Immigration

Video shows final hours of sick teen who died in US Border Patrol custody


Video of the US Border Patrol cell where a 16-year-old from Guatemala died of the flu shows the teen writhing and collapsing on the floor for hours before he was found dead.

The footage published Thursday by ProPublica calls into question the border patrol’s treatment of Carlos Hernandez Vasquez, who was found dead 20 May.

According to ProPublica, Carlos staggered to the toilet in his cell in the middle of the night at the border patrol station in Weslaco, Texas, and collapsed nearby. He remained still for more than four hours until his cellmate awakened at 6.05am and discovered him on the floor.

The cellmate quickly got the attention of a border patrol agent, followed shortly by a physician’s assistant who attempted a single chest compression.
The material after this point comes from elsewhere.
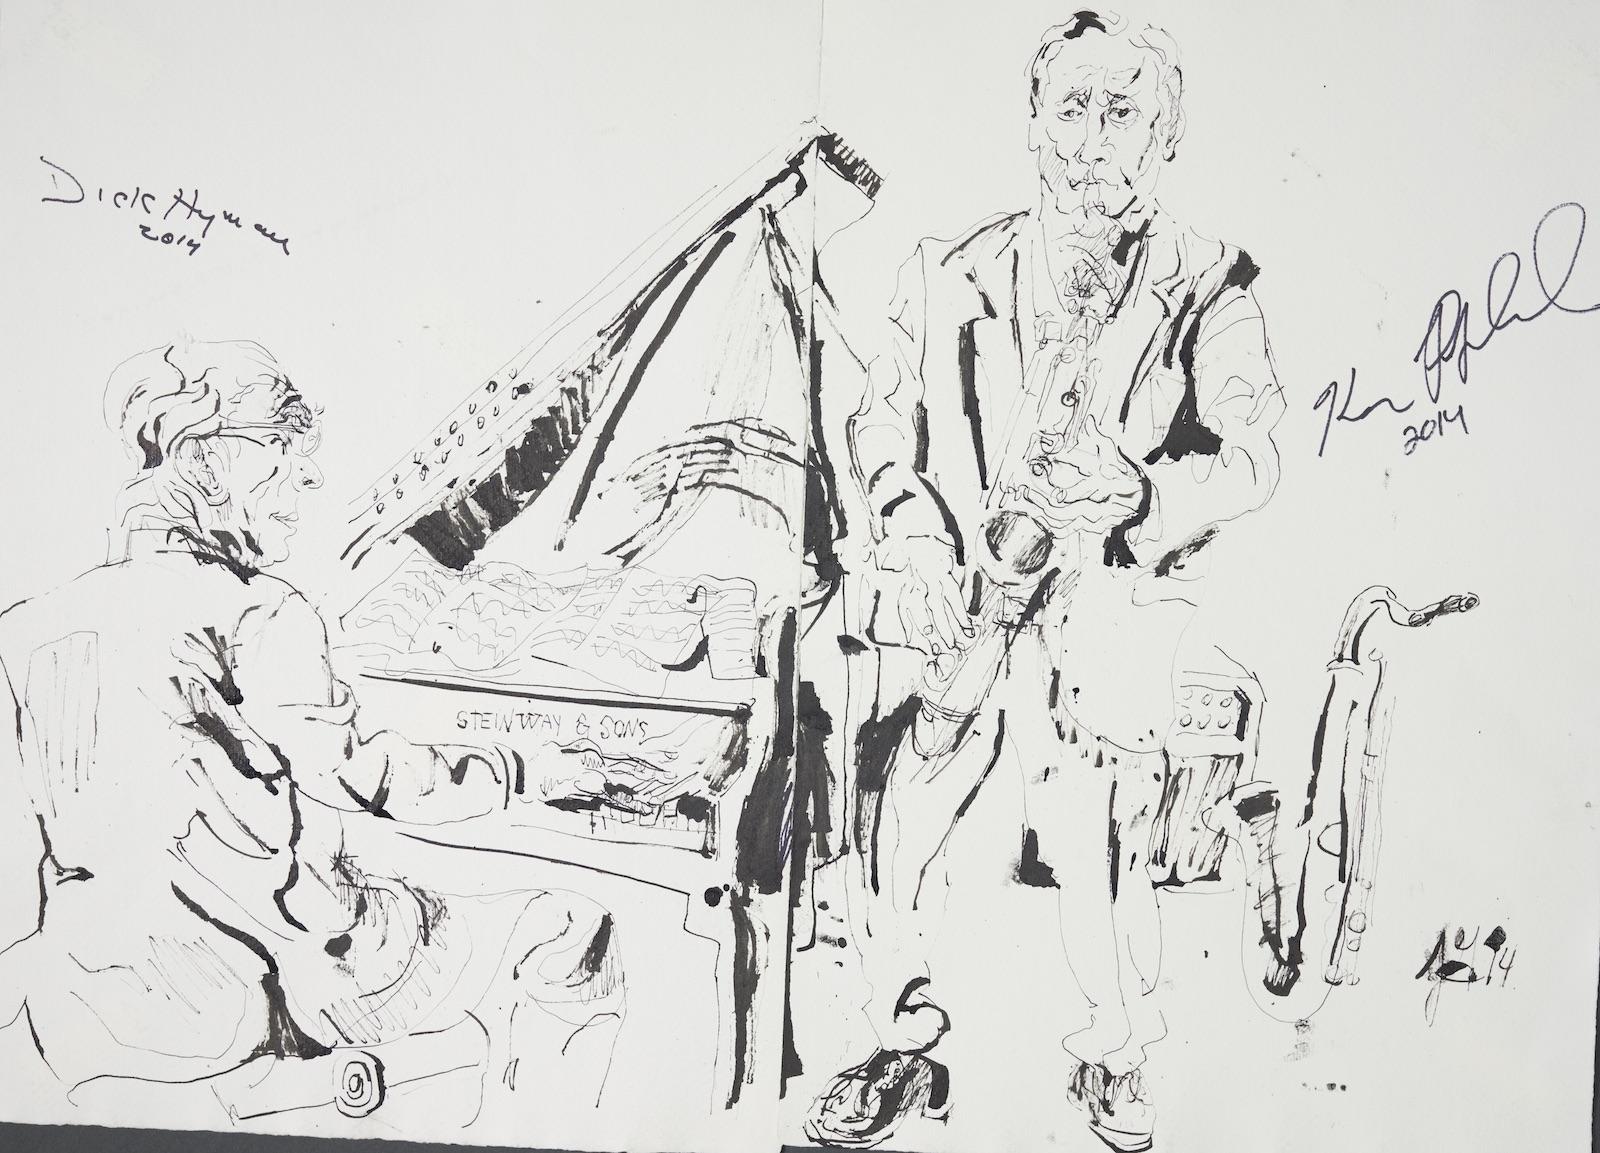 Dick hyman with ken poplowski at the kitano 2014

Weslaco police reports obtained by ProPublica say the physician’s assistant quickly determined Carlos was dead.

The border patrol’s statement on the day of Carlos’ death says the teenager was “found unresponsive this morning during a welfare check”.

The video shows Carlos stopped moving at 1.39am on 20 May, 15 minutes after he toppled forward and landed face-first on the cell’s concrete floor. Border patrol logs say an agent performed a welfare check at 2.02am, 4.09am, and 5.05am.

Norma Jean Farley, the forensic pathologist who performed the autopsy, told ProPublica that she was told the agent looked through the window but didn’t go inside.

Police photos show a large pool of blood around Carlos’ head.

US Customs and Border Protection issued a statement Thursday saying it could not discuss specifics of Carlos’ death due to an ongoing investigation, but that the agency and the Department of Homeland Security “are looking into all aspects of this case to ensure all procedures were followed”.

But CBP’s former acting commissioner, John Sanders, said he believed the US government “could have done more” to prevent the deaths of Carlos and at least five other children who died after being apprehended by border agents.

“I really think the American government failed these people. The government failed people like Carlos,” Sanders told ProPublica. “I was part of that system at a very high level, and Carlos’ death will follow me for the rest of my life.”

Sanders resigned as CBP was detaining thousands of people at a time, many for longer than the agency’s own 72-hour deadline, sometimes for weeks at a time. As border crossings surged this spring, Donald Trump’s administration sought to hold people for longer to end what it derided as the “catch and release” of immigrant families.

But the border patrol was not equipped to detain people for that long. Reports of people jam-packed into cells without drinkable water or showers sparked national outrage. One group of lawyers that visited a station in Clint, Texas, described seeing hungry children trying to care for each other and one 4-year-old with matted hair who had gone without bathing for days.

The border patrol has since reduced the number of people in its custody – largely due to the rollout of policies such as “Remain in Mexico,” in which the US government has sent more than 55,000 people back across the border to await their court cases. Thousands of those people are now waiting in squalid border camps.